Additional Math Pages & Resources

Tuesday, September 29, 2009

Scoville and the Piquant Paprika

I had dinner in a Greek restaurant the other night with a large group of people.

Amy, sitting on my right, ordered a beef dish. The menu description was Piquant beef sirloin tips and onions spiced with twelve seasonings. That started a discussion of the word piquant and what it might mean.


Did piquant mean smelly, like Phil's BBQ? Did it mean hot, like chili powder? Was it spicy in some mysterious Greek way? Could it be ordered like Thai food, in degrees of piquancy? Can you make mine a 6 out of 10, please?

We needed some facts. Here's where I started.


  • Definition: Piquant is agreeably stimulating to the palate, pleasantly pungent, spicy, tart. Affecting the organs of taste or smell with a strong and possibly harsh sensation 
  • Pronunciation: pay-khan
  • Origin: from the French, 1630
  • Colors: red-orange 


I started a search for piquant things on the internet. Most were food-related. Here a sauce, there a market, everywhere a piquant. I turned to recipes. Piquant was usually associated with a sauce. It was eaten with meat, or occasionally vegetables. Often the recipes had a Cajun theme, with alligator or frog's legs.

I looked for common ingredients and found: Bell Peppers, Cayenne Pepper. Green peppers. Jalapeno peppers. Papriki (dried, ground peppers). Occasionally I saw Mustard, or Wasabi.

Aha! The common thread in piquant is a little zing added by some form of peppers or mustard. This photo pretty much sums it up. As does this recipe from the same source.

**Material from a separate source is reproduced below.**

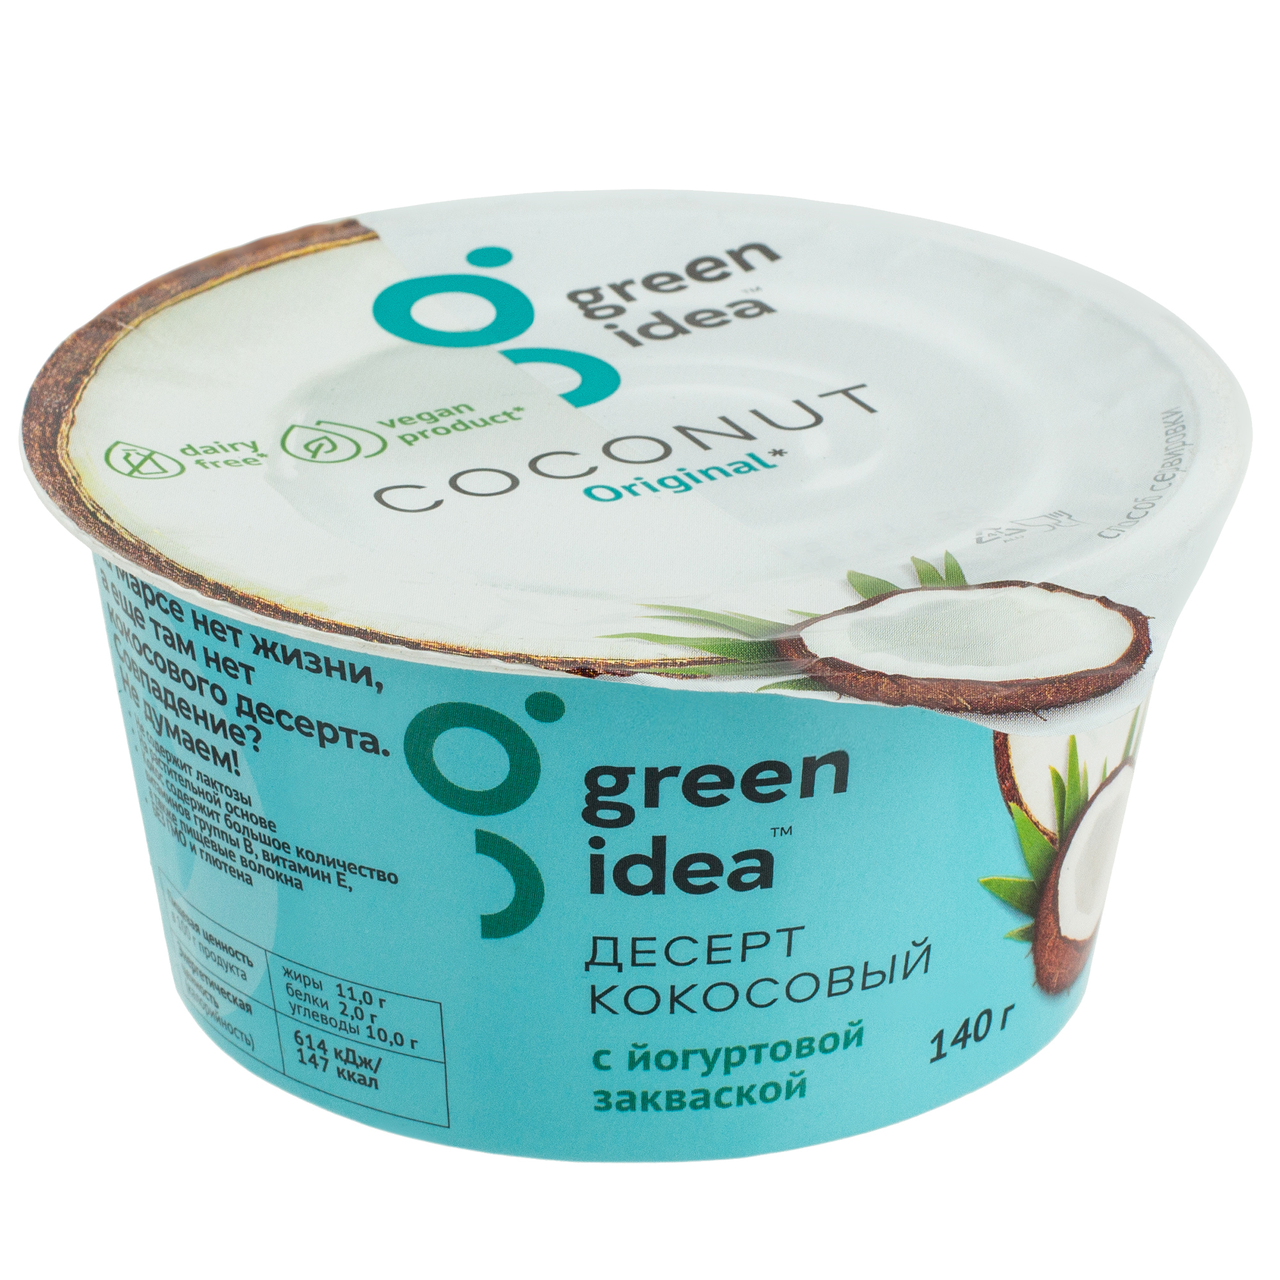 Десерт кокосовый с йогуртовой закваской 140 (6) Green Idea

Peppers and Penzeys’ Paprika Produce Piquant Paprikash


Now that I felt comfortable with the origins and production of piquant food, I realized I another problem.

How would I get a math theme out of this?

Let's go back to the piquancy. How do you specify spiciness in your supper?
  • Do you go to the same restaurant and learn by trial and ouch error? 
  • Do you avoid all spicy foods? 
  • Do you only eat your own cooking?
There has to be another way.

One approach is the Scoville Scale of Spiciness, which we discuss in 6th grade Excel Math.

About 100 years ago, scientist Wilbur Scoville developed a temperature scale to measure the heat of chili peppers. He knew spiciness is created by a chemical called Capsaicin, found in plants of the Capsicum family. He knew a tongue was more sensitive than any available machine.

Scoville soaked his peppers in alcohol, which extracted the "heat" components. This liquid pepper extract was diluted in sugar water until the sting could just be detected by a panel of tasters. This is similar to how we measure the concentration of odors.  


The dilution factor becomes the basis of a Scoville rating. Sweet peppers are 0 units. Mild poblano and Anaheim chilis are around 1,000 Scoville units. The hottest habanero chilis are rated 200,000 - 500,000!

Granted, this isn't the easiest way to measure seasonings, since we shouldn't subject our sweethearts to sipping spicy sugar syrup.

An alternative method is to use liquid chromatology to measure the heat-producing chemicals in your pepper, and rate them in American Spice Trade Association (ASTA) pungency units.

More realistically, we just season by a pinch or a pour 'til it's piquant!